“明人不说暗话,你有什么主意,赶紧说清楚了,别跟我扯什么别的。”赤红霄的面色阴郁起来,双眼中寒意渐深。
安晓生的嘴角扬起了弧度:
“赤霄姑娘可真没和人谈话的兴致啊。安某本来还想多同你说一说赵掌门和赵夫人的近况,既然赤霄姑娘无意攀谈,那安某就直说了吧。安某听闻你最近跟着同济堂的弟子去了军营……”
“赤霄姑娘若能凭着在军营中当医女的身份之便,替安某和青刀门做些小事……”
“你们到底要做什么?”赤红霄心里一惊,不安感不自觉遍布周身。
“你们在兴济抓劳工私贩化金银还不够,还要染指军营里的事?大战在即,我本就是寄人篱下,凭什么要帮你们做这样惹火烧身的事。”
安晓生见赤红霄有想走的意图,也赶忙开口道:“赤霄姑娘虽已被赵掌门逐出了门派,但心里真不想回去吗?”
赤红霄迈步的身子微微一滞。安晓生很敏锐地抓到了她的动容,继续补充道:
“赵掌门可对赤霄姑娘的事有几分后悔呢。如若赤霄姑娘愿意配合,安某再帮你说上几句,给赵掌门修个往下的台阶。想必他会不计前嫌,重新接纳你做他的身边人。”
“我不稀罕。”赤红霄狠狠剜了安晓生一眼,眼中恨痛交织。
赵万熠那日发令对她砍下的致命一刀,早已经断绝了他们二人之间所有的情谊。他薄情寡义,欺弄于她,凉薄至此。
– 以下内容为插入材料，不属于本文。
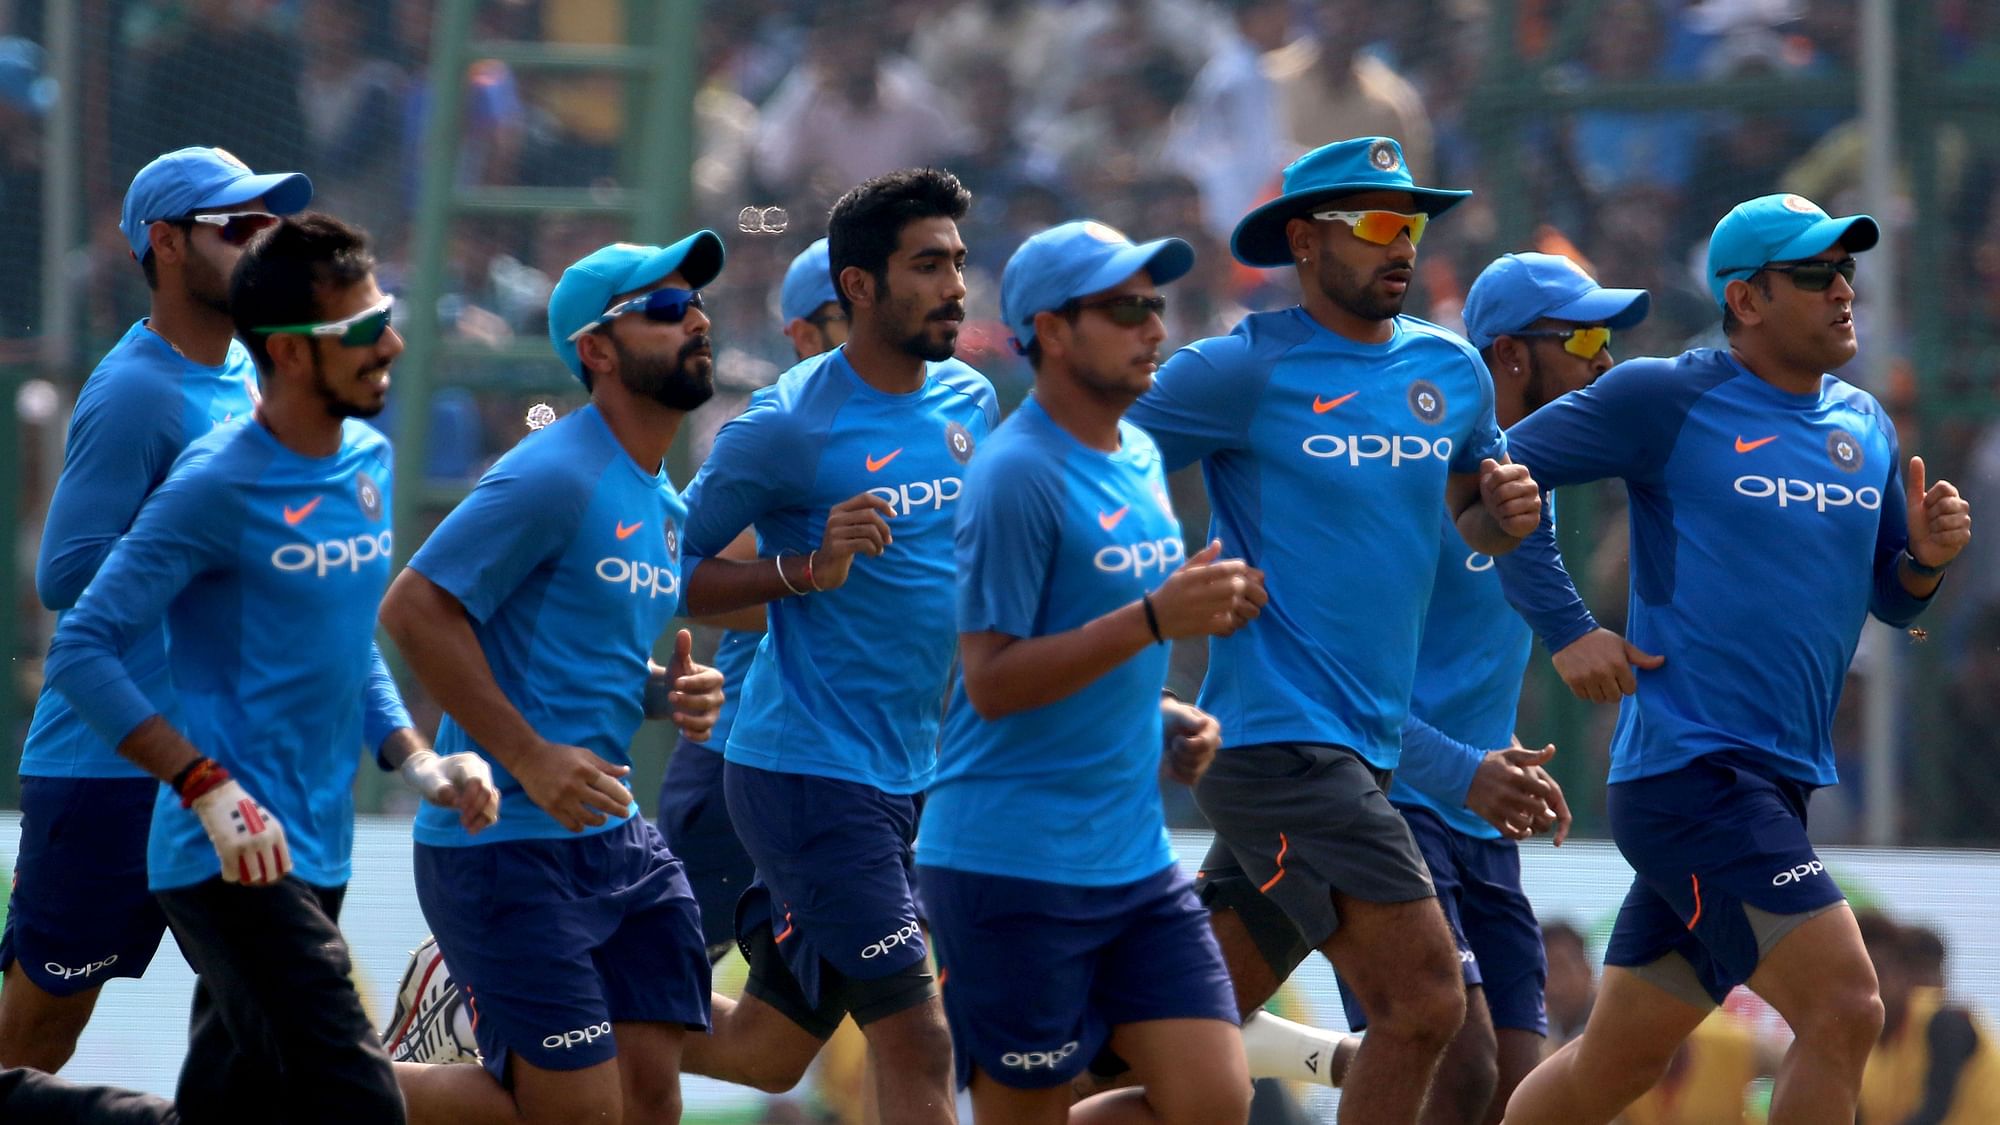 2019 विश्व कप के लिए टीम इंडिया का चयन सोमवार को किया जाना है

她再如何痴傻,也不至于这般不知好赖。她有人可爱,早就不屑于稀罕他那些虚情假意。
“唉,但赵夫人可是想念赤霄姑娘打紧呐。赤霄姑娘既然已对赵掌门心生怨念,想必是不会顾念她了。她自回了青刀门之后,身子就……”安晓生说到此处就啧啧叹息了起来。
“她怎么了?”赤红霄被他戳到软肋,早就顾不上旁事,转过头着急地询问他。
安晓生见她反应突然大了起来,笑声也跟着大了不少:
“果然呐,比起赵掌门,赤霄姑娘还是更在乎赵夫人。之前我听闻你与她的情爱私事,心里多少还有几分诧异不解,今日一见,果然传言不虚啊。”
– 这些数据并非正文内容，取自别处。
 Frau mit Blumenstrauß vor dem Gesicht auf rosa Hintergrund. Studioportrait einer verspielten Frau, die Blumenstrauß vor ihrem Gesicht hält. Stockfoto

赤红霄怒上心头,拔出佩剑指着安晓生放狠道:“你若再这般戏耍于人,信不信我直接就地解决了你。你那位死士都是我手下败将,你以为我杀不了你?”
“是安某冒犯,赤霄姑娘切莫与在下一般见识。”
安晓生一贯圆滑,见赤红霄真被他激怒,也随即收敛下来:
“不过安某方才所说的可都是真话呀。赤霄姑娘就算不顾念赵掌门,也该顾念一下赵夫人吧。赵夫人得的可是心病,心病还需心药医。你要是一直不回去,只怕赵夫人的身子扛不了太久。”
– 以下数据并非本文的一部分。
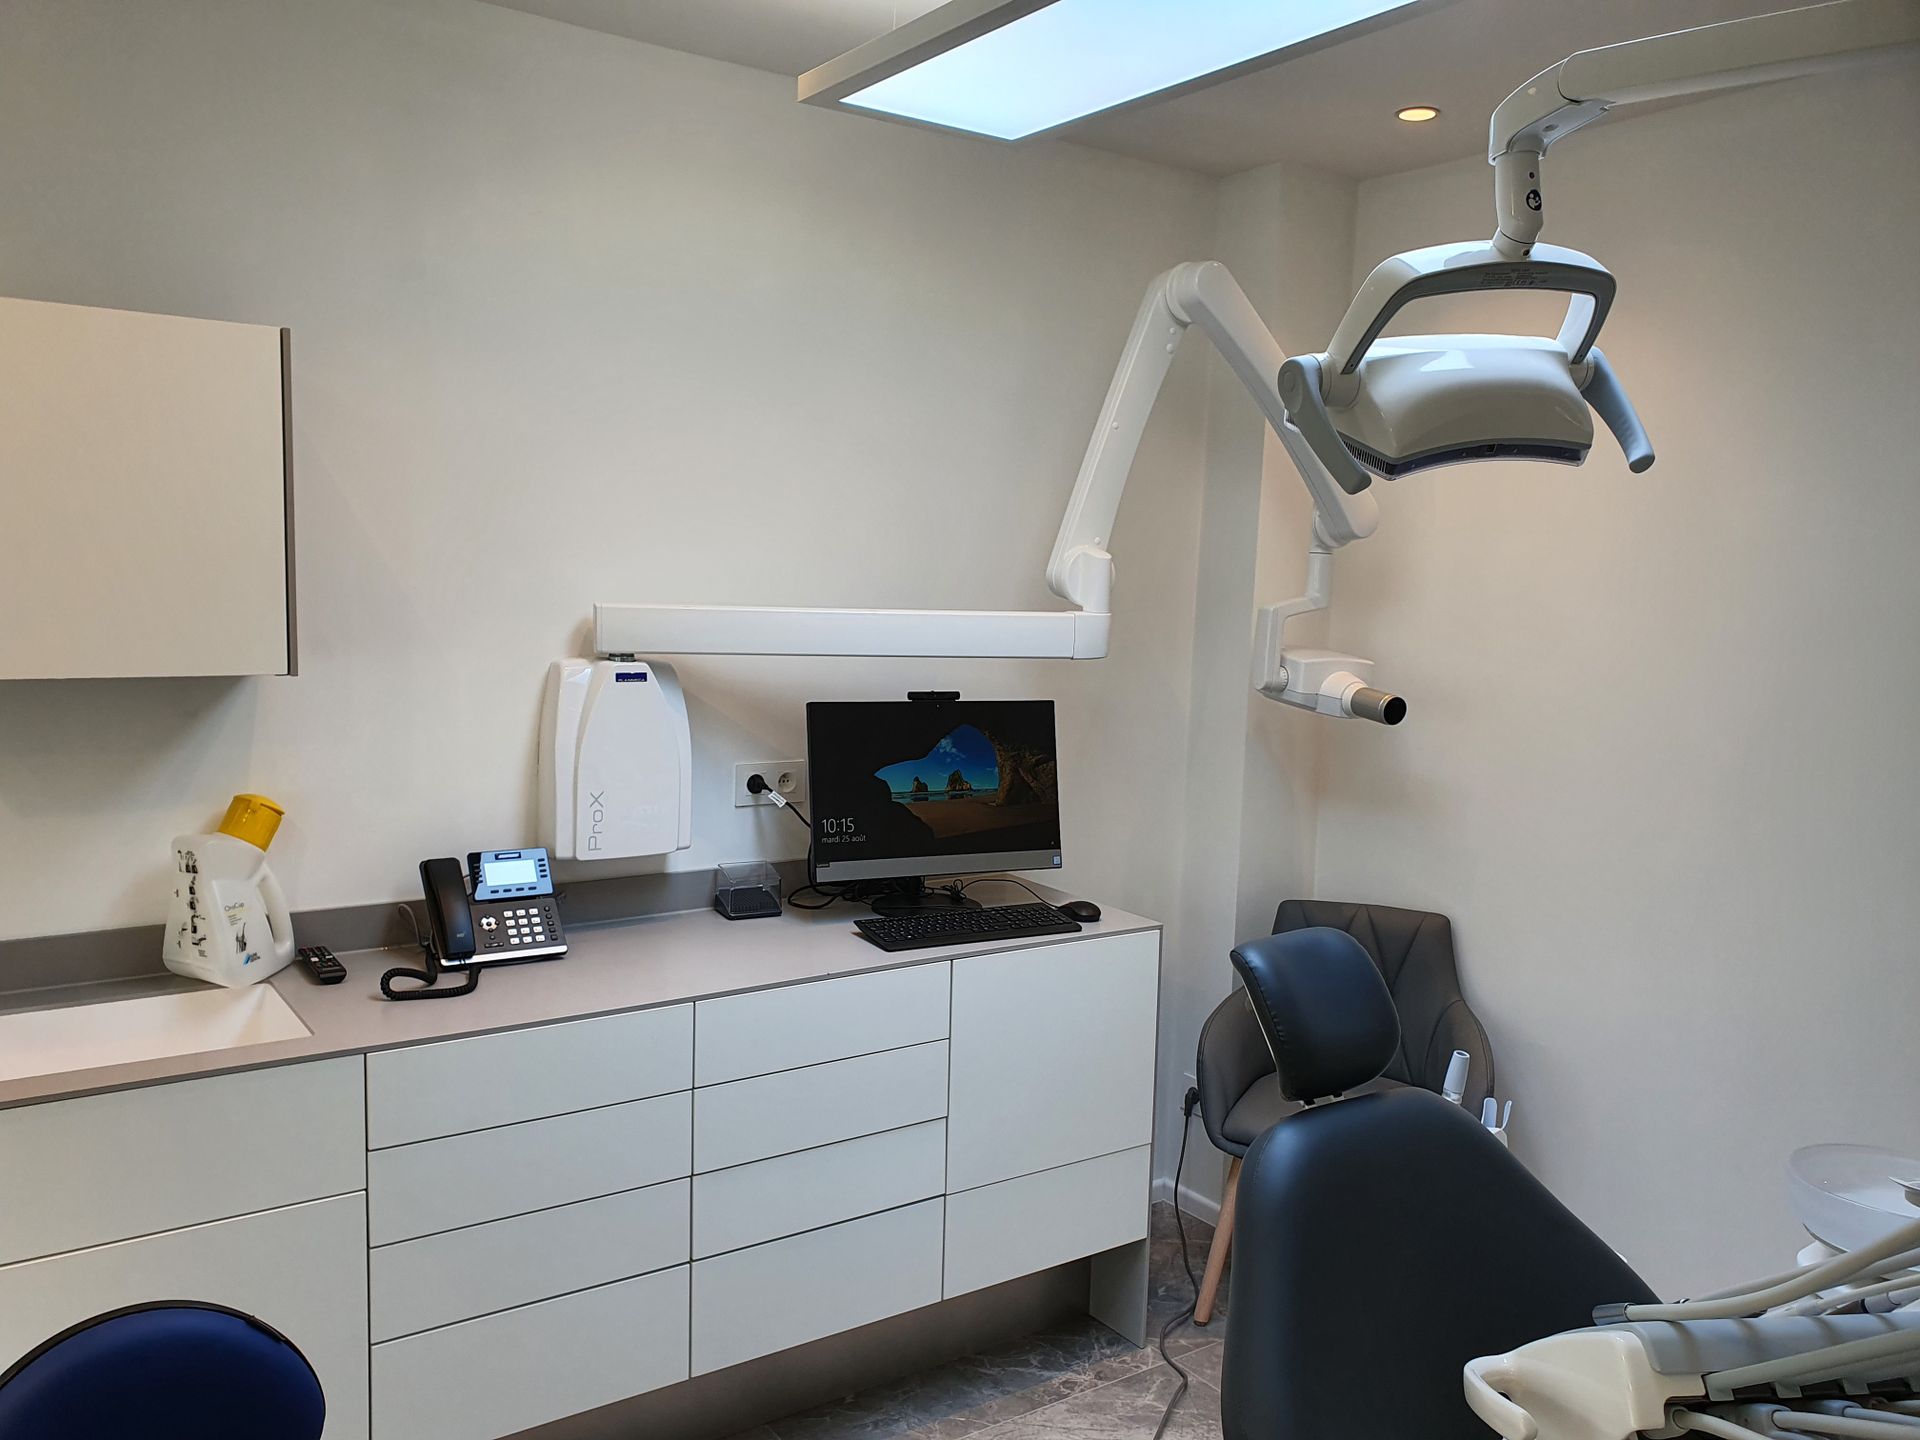 HelpIT-service-informatique-Braine-l-alleud-brabant-wallon-specialiste-cabinet-dentaire-installation-PME-centres-de-soins-dentistes

“安某可是好心给你和赵掌门之间修个彼此可下的台阶。赤霄姑娘若是肯配合,赵掌门看在赤霄姑娘给青刀门又立大功的份上,自然会成全你与赵夫人……”
“你拉上精绝帮私贩化金银不算,如今还想把青刀门给拉下水?”赤红霄冷冷盯着他。
“你们做出这样通敌叛国的可耻事情,居然还指望我与你们同流合污?”
安晓生轻蔑地冷笑一声:“赤霄姑娘难不成要给安某大论家国百姓的那些虚道理不成?在下原是不知,赤霄姑娘身为一个户帖都没有的死士,心里还能存这般大义。”
“那赤霄姑娘打算怎么做?通告当地的官府,把安某的事情抖露出去?赤霄姑娘你可别忘了,仅凭安某一人岂能掀起这样大的风浪。
你无权无势,就算闹上官府,除了只能凭一张嘴外,还能拿出什么物证?兴济的官府都与我们沆瀣一气,你能笃定成山卫的官府就不与我们一处吗?”
赤红霄发起了愣,安晓生继续趁热打铁地说道:
“再者说了,精绝帮和青刀门眼下早都被牵扯了进来。就算赤霄姑娘真找到了大人物来主持公道,让朝廷依法处置,就凭赵夫人的身份,她岂能置身事外。
万一到时候罚得重了,赤霄姑娘应该也不想看见她因受牵连,要没入贱籍为妓吧……”
“你!”
赤红霄一时哑口无言,憋了许久才缓缓开口:“你指望我在军营里怎么做?”
“赤霄姑娘无需着急。等时机到了,我安排的线人自会想办法联系上你,到时候赤霄姑娘只要照着计划配合他们就行。多余的事赤霄姑娘还是少知道为妙,省得树大招风。”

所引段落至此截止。